More threatening are the groups that wish to restore the imperial cult. The writer Yukio Mishima collected around himself a band of uniformed young men who shared his passion to make the Japanese--the military forces in particular--once again worship the Emperor. His student followers ended up by worshipping Mishima, and one joined him in his samurai-style suicide in 1970. Even today there are groups of right-wing Emperor worshippers who go around assassinating those they regard as unpatriotic. The mayor of Nagasaki was shot by a right-wing extremist in 1990 after saying the late Emperor Hirohito some responsibility for the war.

The tendency to see the highest virtue in self-sacrifice and violence was also a feature of Japan's left wing. A Japanese United Red Army man raked a crowd of passengers with machine-gun fire at Lod International Airport in Israel in 1972. Revolutionary splinter groups tortured and bashed to death several of their own members. This kind of violence is usually a sign of hopelessness, of desperation, when messianic dreams reach a dead end.
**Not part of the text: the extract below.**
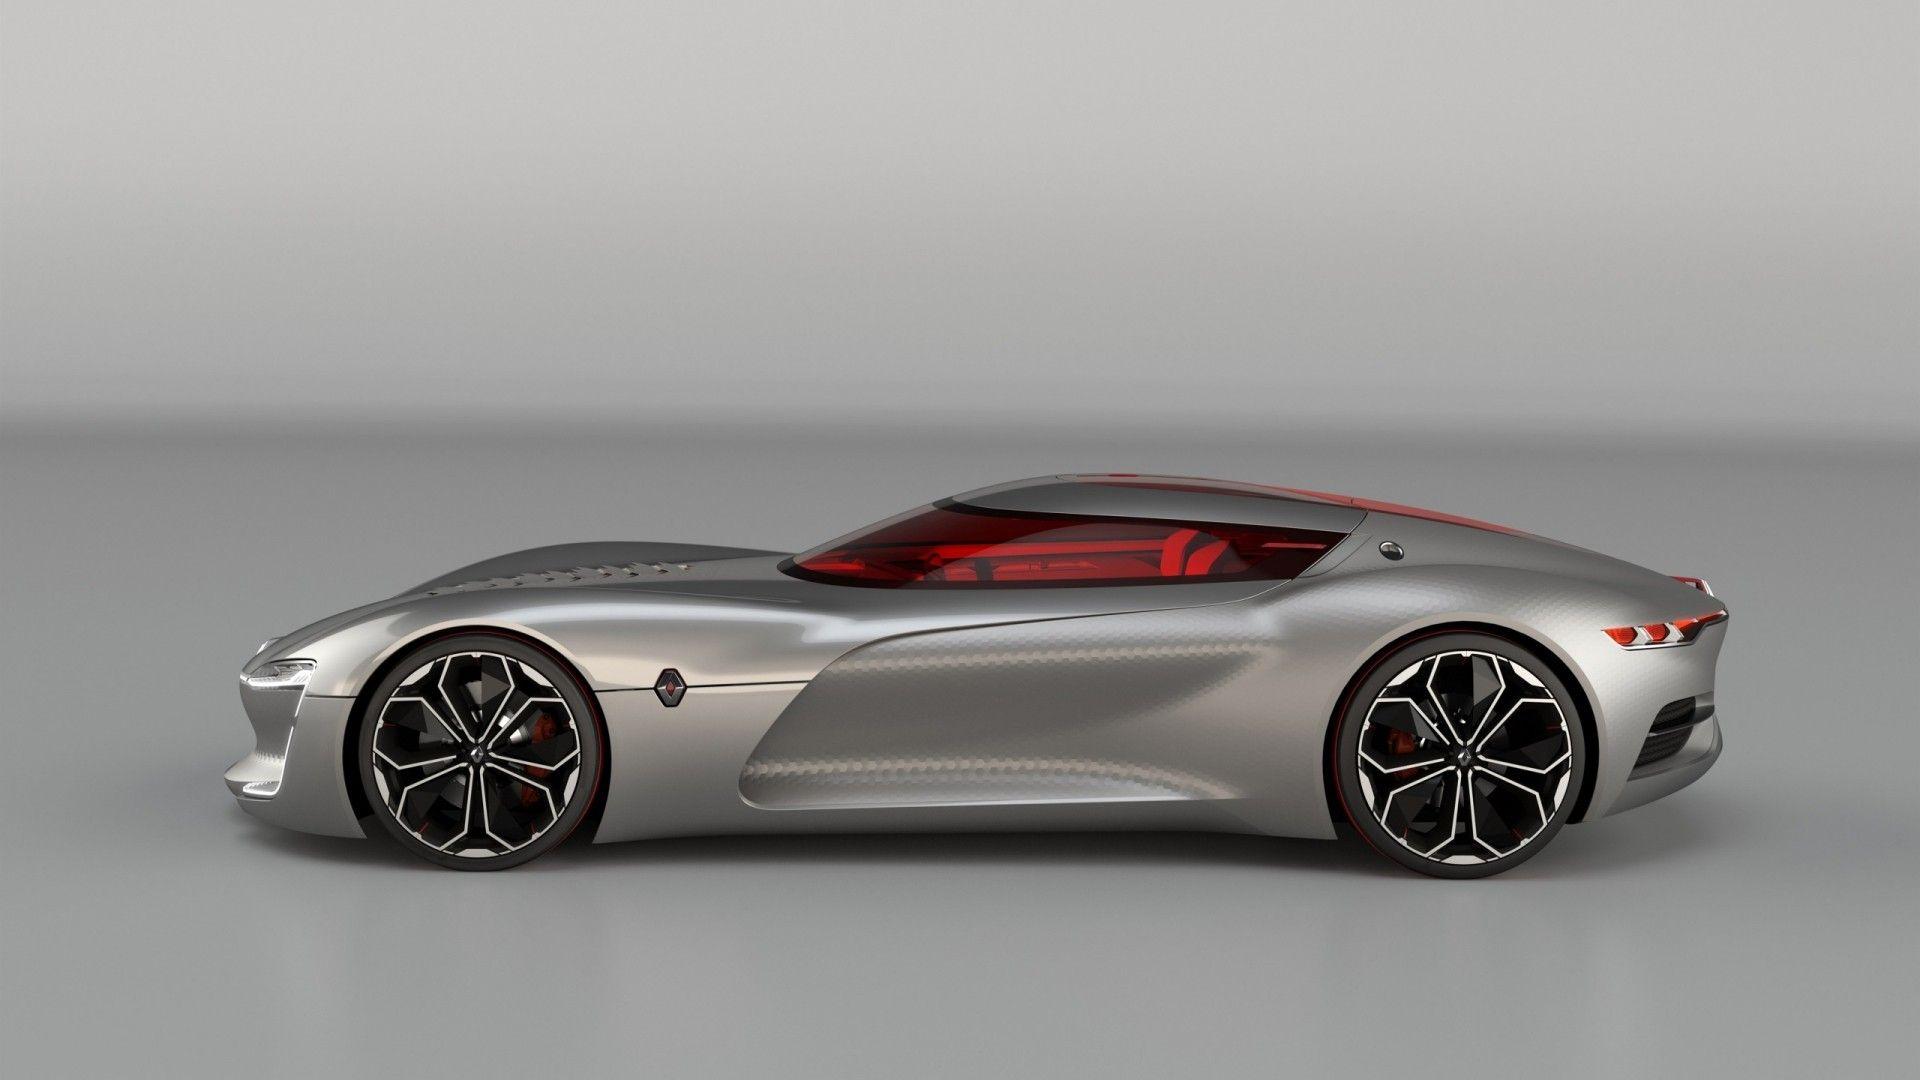 Wonderful General 1920x1080 Vehicle Car Sports Car Renault Reanault Trezor Concept Cars  Futuristic Carbon Fiber Amazing Design

None of this is unique to Japan. Nor do countries where God is proved to be dead automatically fall prey to violence. On the whole, Japan's is a remarkably peaceful society. But a century of wars, natural disasters and political extremism has produced spiritual confusion. Out of this have emerged those self-elected gods and followers who not only destroy themselves but also insist on taking others with them.

Ian Buruma, the journalist and author, has written several books about Asia.